Task :: Transcribe all of the data verbatim, please, and leave out its pictures.

Supplied material ::

....

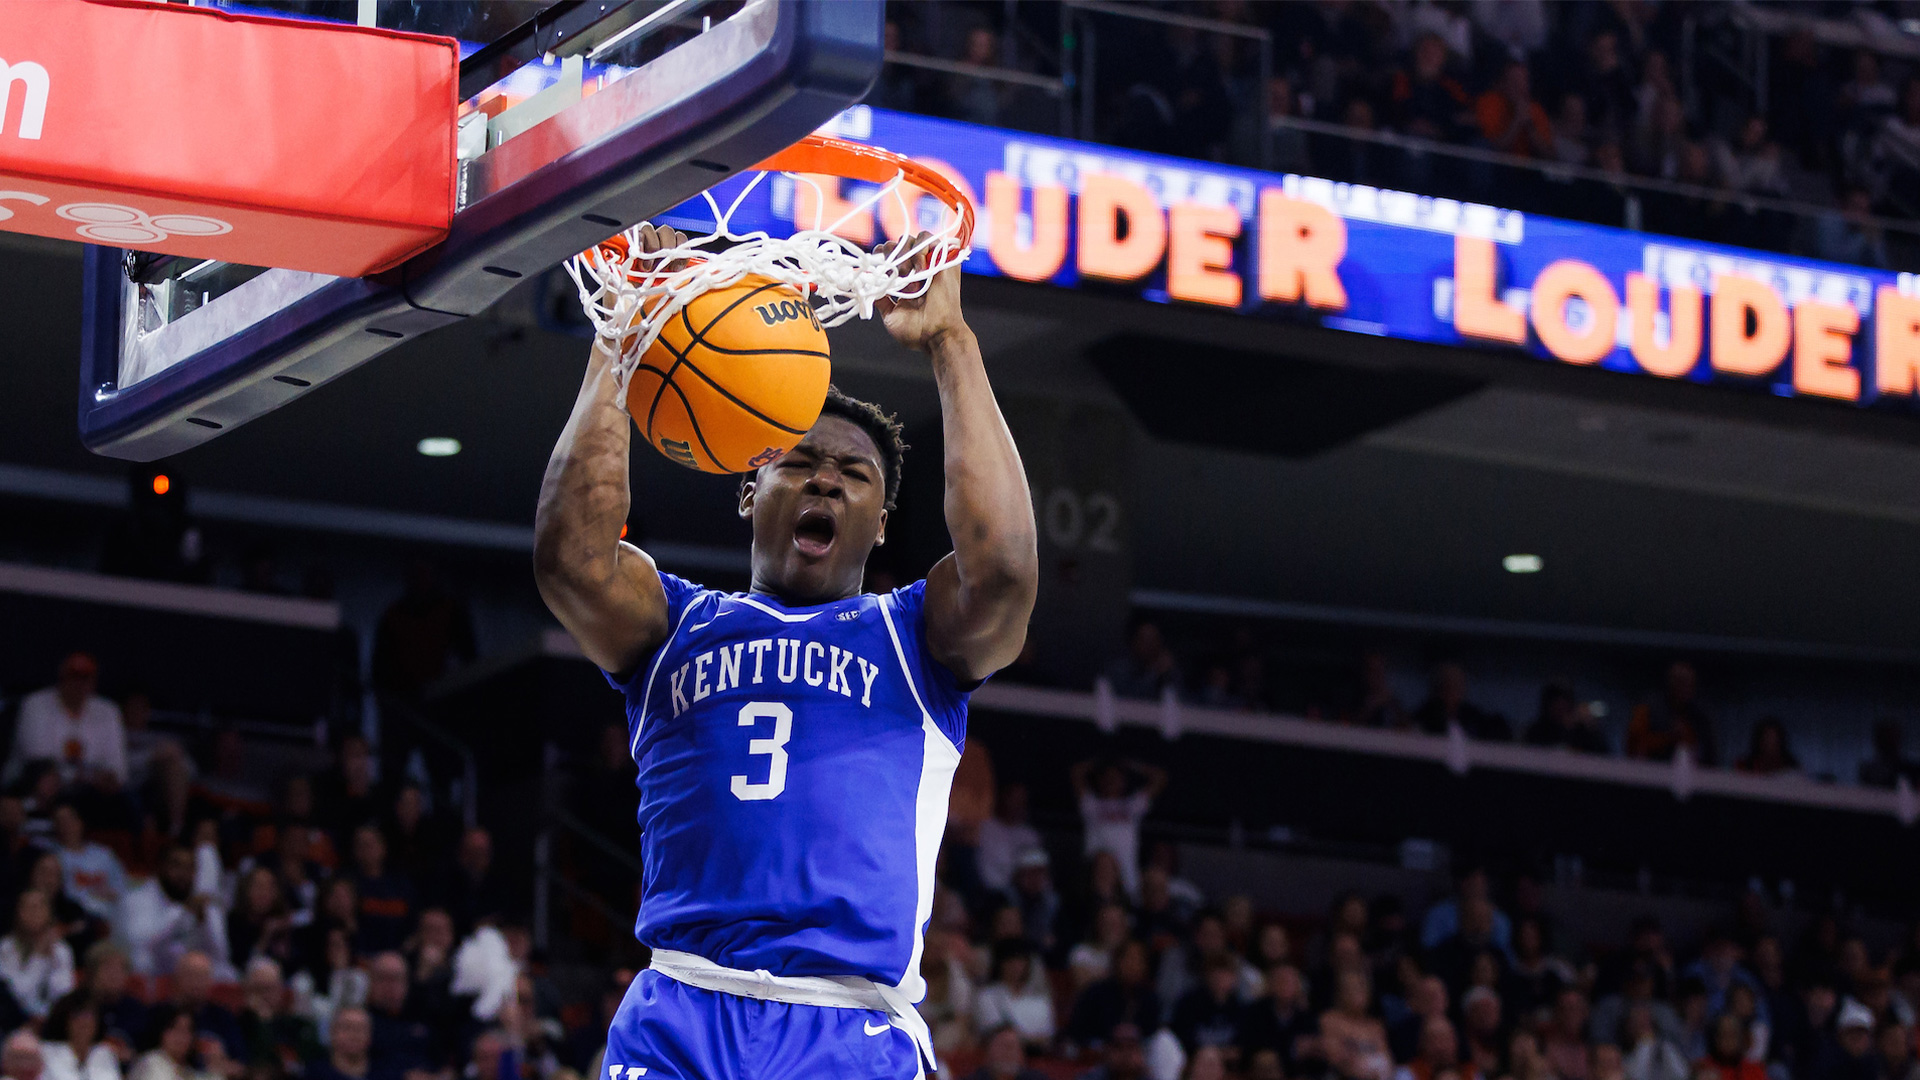 Leap Day: Some of the Biggest February Dunks in Recent KentuckyMBB History
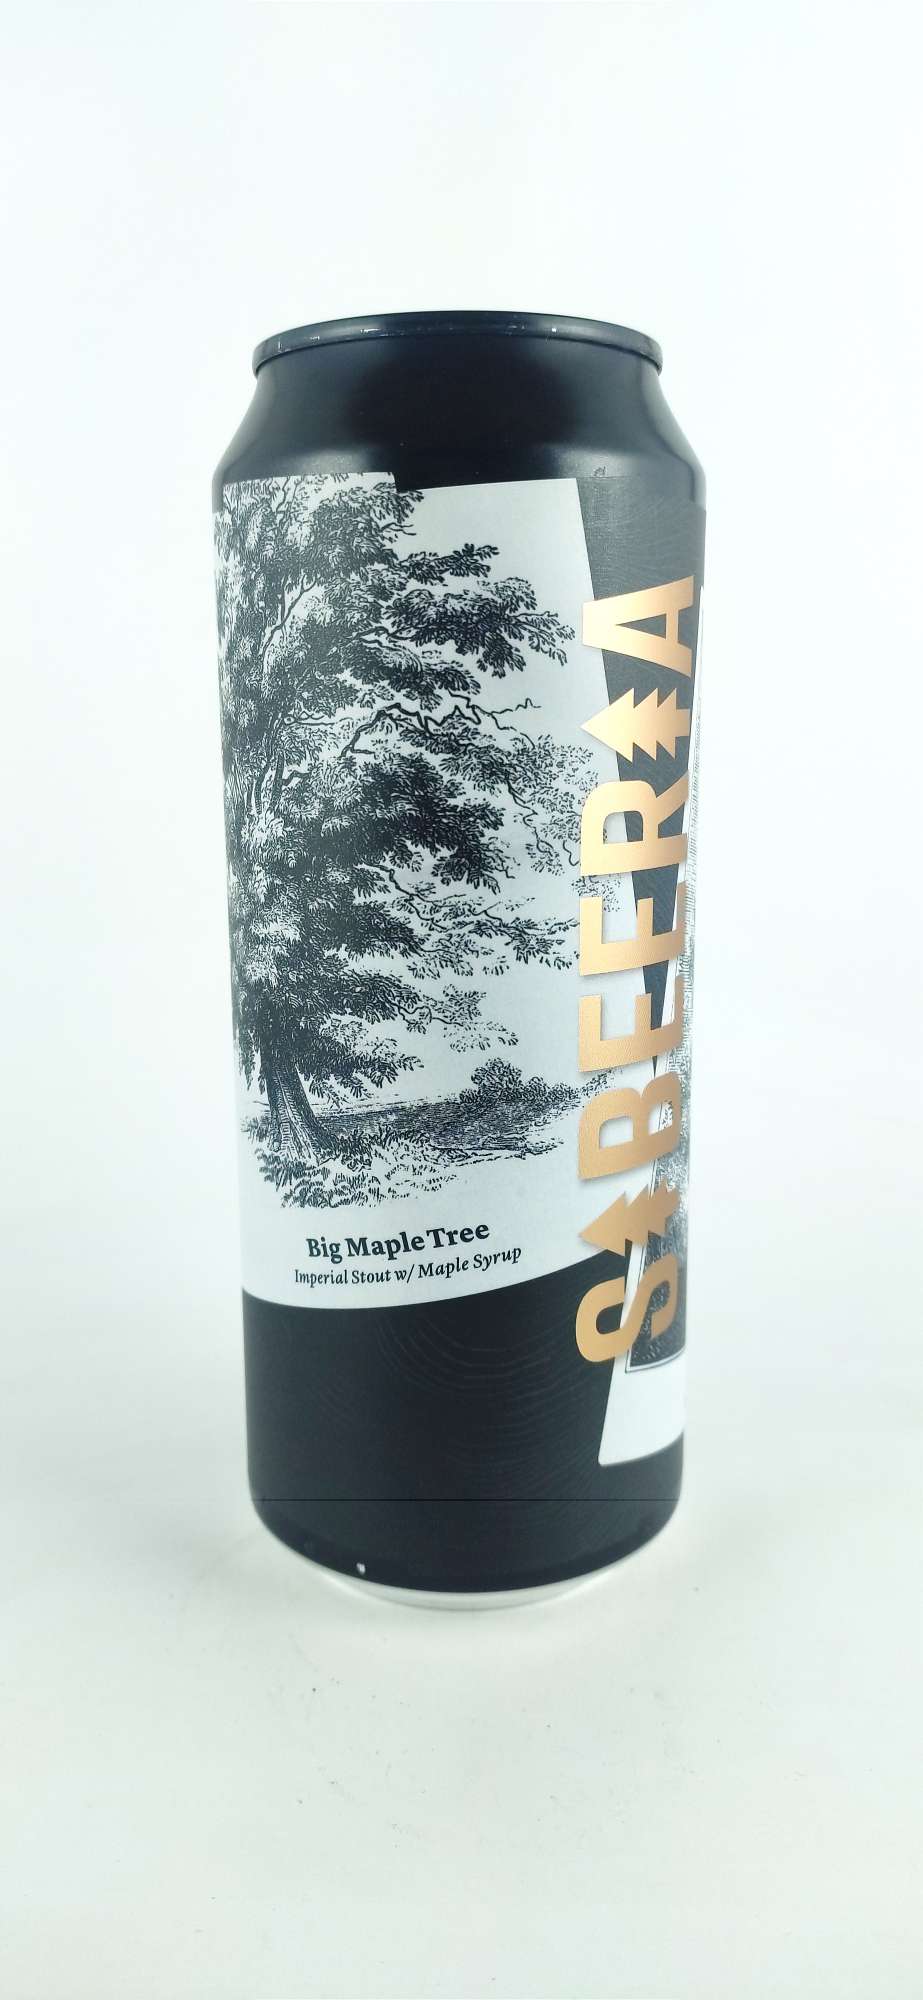 Sibeeria Big Maple Tree Imperial Stout w/ Maple Syrup 30°
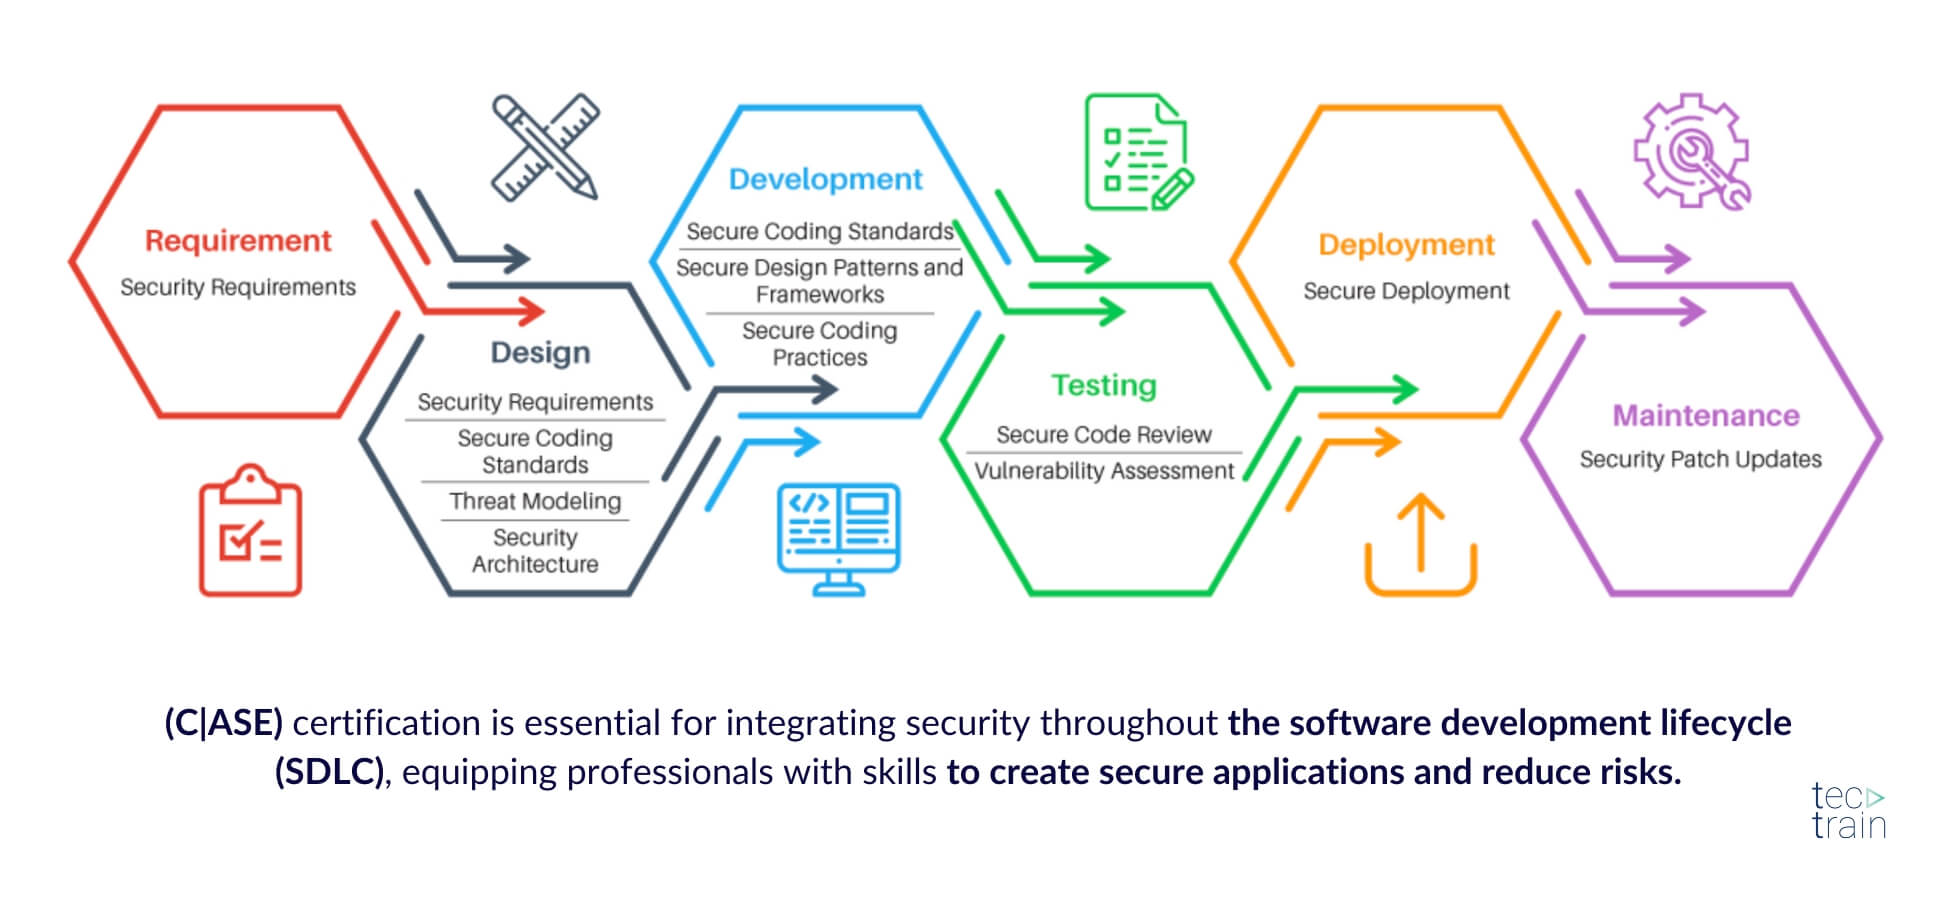 (C|ASE) certification is essential for integrating security throughout the software development lifecycle (SDLC), equipping professionals with skills to create secure applications and reduce risks.

....

Answer area ::
 Leap Day: Some of the Biggest February Dunks in Recent KentuckyMBB History
 Sibeeria Big Maple Tree Imperial Stout w/ Maple Syrup 30°
 (C|ASE) certification is essential for integrating security throughout the software development lifecycle (SDLC), equipping professionals with skills to create secure applications and reduce risks.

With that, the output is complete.